Docker Engine 20.10 Released: Supports cgroups v2 and Dual Logging 详细功能请参考 Docker 20.10
激活cgroups limit支持¶
上述 docker info
输出中显示了cgroups limit没有激活,需要修改内核来激活这些选项。对于树莓派4,需要在 /boot/firmware/cmdline.txt
文件中添加以下配置:
cgroup_enable=cpuset
cgroup_enable=memory
cgroup_memory=1
swapaccount=1
确保将上述配置添加到 cmdline.txt
文件到末尾,可以通过以下 sed
命令完成:
sudo sed -i '$ s/$/ cgroup_enable=cpuset cgroup_enable=memory cgroup_memory=1 swapaccount=1/' /boot/firmware/cmdline.txt
接下来重启一次系统,就会看到 docker info
输出显示 cgroups driver
是 systemd
并且有关 cgroup limits 的警告消失了。
允许iptables查看bridged流量¶
Kubernetes需要使用iptables来配置查看bridged网络流量,可以通过以下命令修改 sysctl
配置:
cat <<EOF | sudo tee /etc/sysctl.d/k8s.conf
net.bridge.bridge-nf-call-ip6tables = 1
net.bridge.bridge-nf-call-iptables = 1
EOF
sudo sysctl --system
安装Kubernetes软件包¶
添加Kubernetes repo:
curl -s https://packages.cloud.google.com/apt/doc/apt-key.gpg | sudo apt-key add - cat <<EOF | sudo tee /etc/apt/sources.list.d/kubernetes.list deb https://apt.kubernetes.io/ kubernetes-xenial main EOF
注解
在最新的 Kali Linux 上执行 apt-key
命令会提示:
Warning: apt-key is deprecated.
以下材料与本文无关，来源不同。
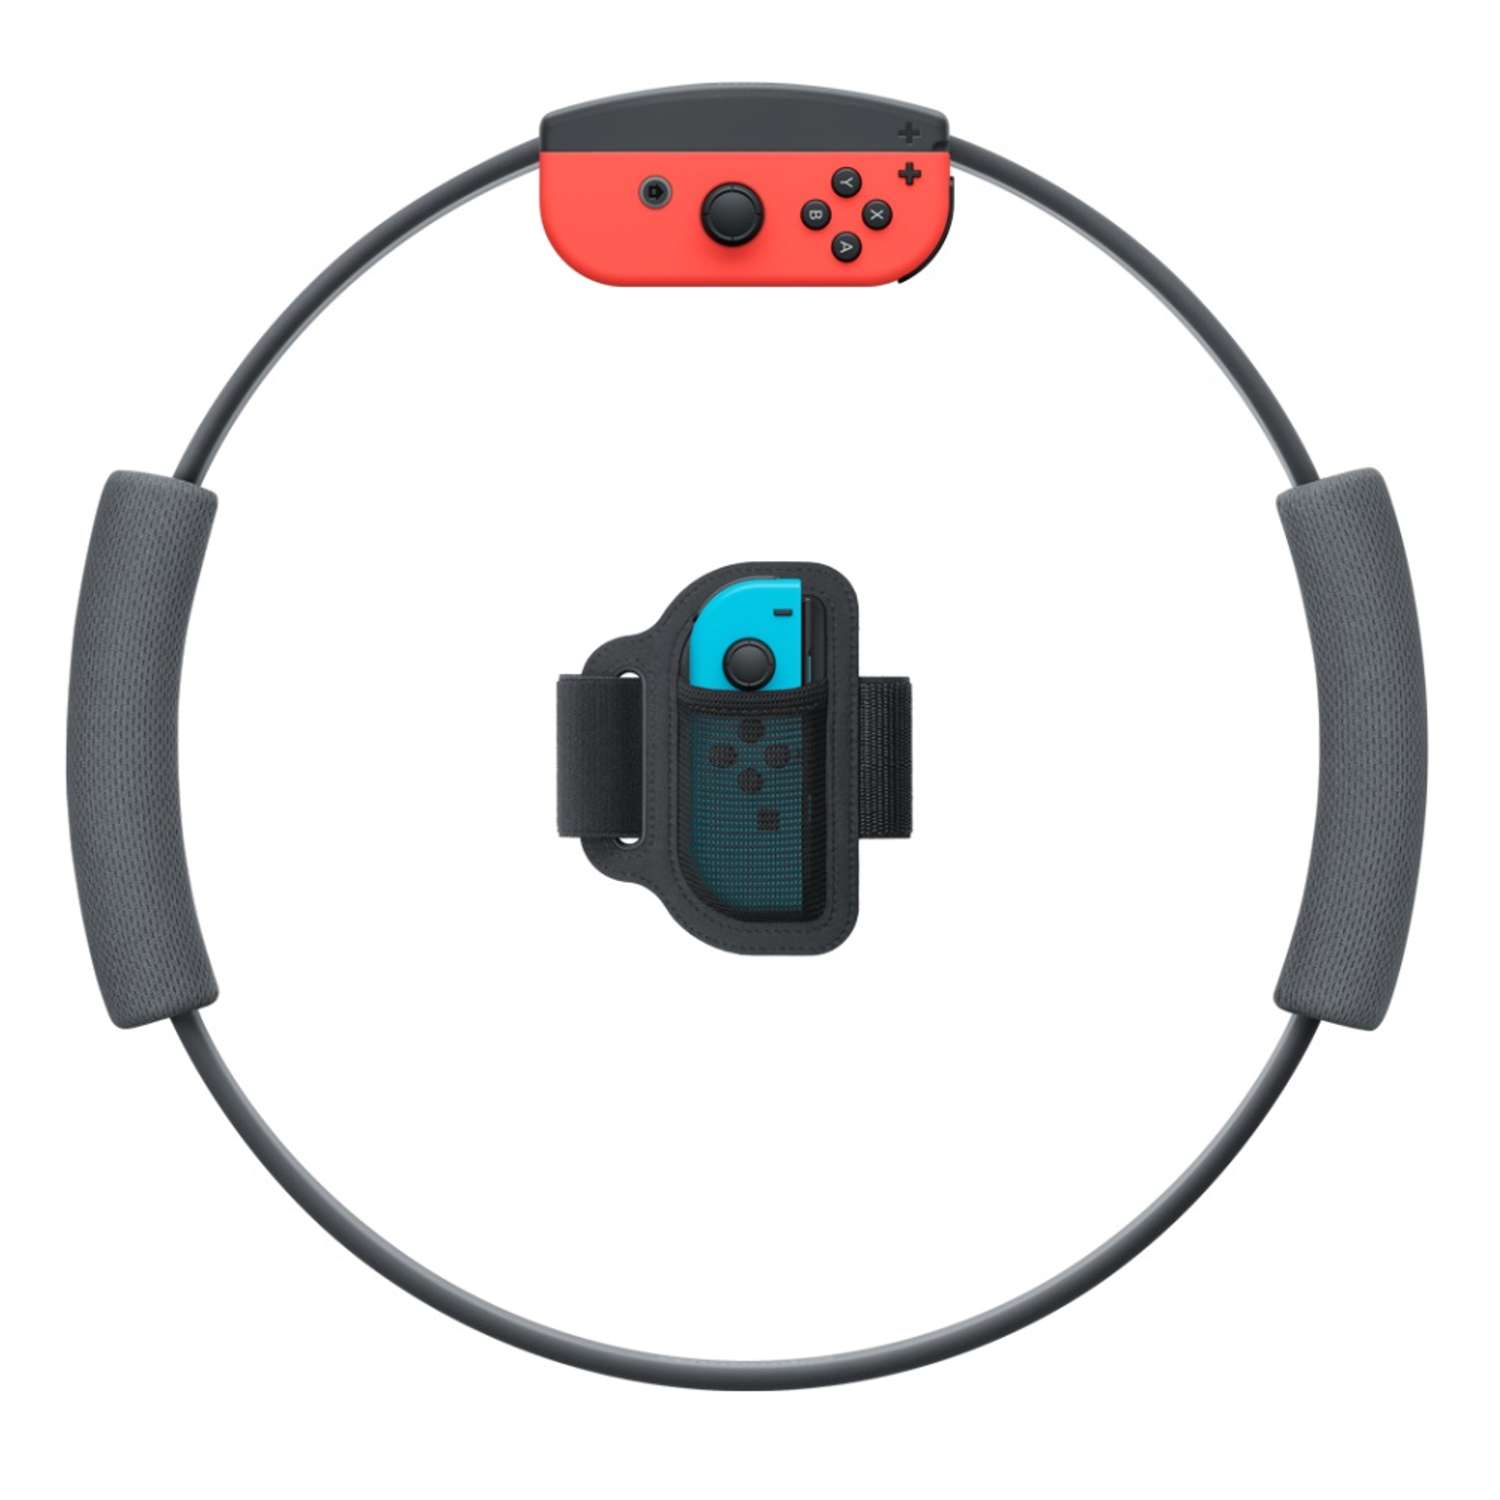 Видеоигра Nintendo Ring Fit Adventure с контроллером и ремнем для Nintendo Switch - фото 4
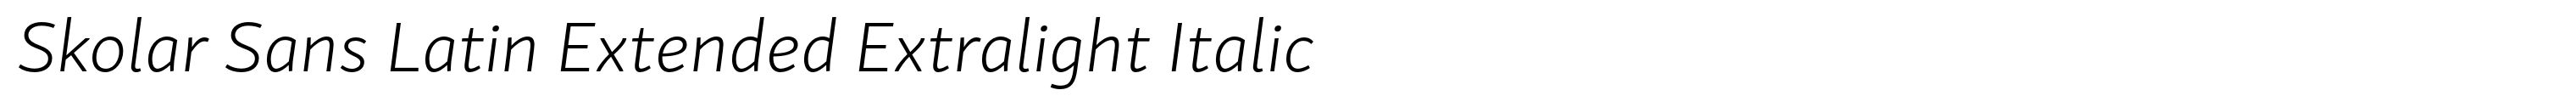 Skolar Sans Latin Extended Extralight Italic

Manage keyring files in trusted.gpg.d instead (see apt-key(8)).
注解
Ubuntu 20.04的版本代号是Focal,Ubuntu 18.04代号是Xenial。你需要检查kubernetes.io的Apt软件仓库提供的对应Ubuntu LTS仓库版本号。当前,在 https://packages.cloud.google.com/apt/dists 中查询还仅仅有 kubernetes-xenial
尚未提供 focal 版本,所以上述配置apt源仅配置针对 Ubuntu 18.04 的 kubernetes-xenial
。后续可以关注该网站提供的软件仓库,在适当时切换到 Focal 版本。
注解
如果 apt update
出现以下报错:
Err:2 https://packages.cloud.google.com/apt kubernetes-xenial InRelease
The following signatures couldn't be verified because the public key is not available: NO_PUBKEY FEEA9169307EA071 NO_PUBKEY 8B57C5C2836F4BEB
...
W: An error occurred during the signature verification. The repository is not updated and the previous index files will be used. GPG error: https://packages.cloud.google.com/apt kubernetes-xenial InRelease: The following signatures couldn't be verified because the public key is not available: NO_PUBKEY FEEA9169307EA071 NO_PUBKEY 8B57C5C2836F4BEB
W: Failed to fetch https://apt.kubernetes.io/dists/kubernetes-xenial/InRelease The following signatures couldn't be verified because the public key is not available: NO_PUBKEY FEEA9169307EA071 NO_PUBKEY 8B57C5C2836F4BEB
W: Some index files failed to download. They have been ignored, or old ones used instead.
则需要再次执行:
curl -s https://packages.cloud.google.com/apt/doc/apt-key.gpg | sudo apt-key add -
安装以下3个必要的Kubernetes软件包:
sudo apt update && sudo apt install -y kubelet kubeadm kubectl
安装完成后使用
apt-mark hold
命令来锁定上述3个软件版本,因为更新Kubernetes需要很多手工处理和关注,不要使用通用的更新方式更新:sudo apt-mark hold kubelet kubeadm kubectl
如果要解除 hold
则使用 sudo apt-mark unhold kubelet kubeadm kubectl
注解
apt-mark hold
命令非常重要,如果不锁定版本任由其随系统升级,会导致管控平面运行软件版本和客户端版本形成较大gap,最终导致无法管理节点。要升级Kubernetes版本,需要手工采用 使用kubeadms升级Kubernetes
创建Kubernetes集群¶
在创建Kubernetes集群前,需要确定:
- 有一个树莓派节点角色是控制平面节点(Control Plane node),其余节点则作为计算节点。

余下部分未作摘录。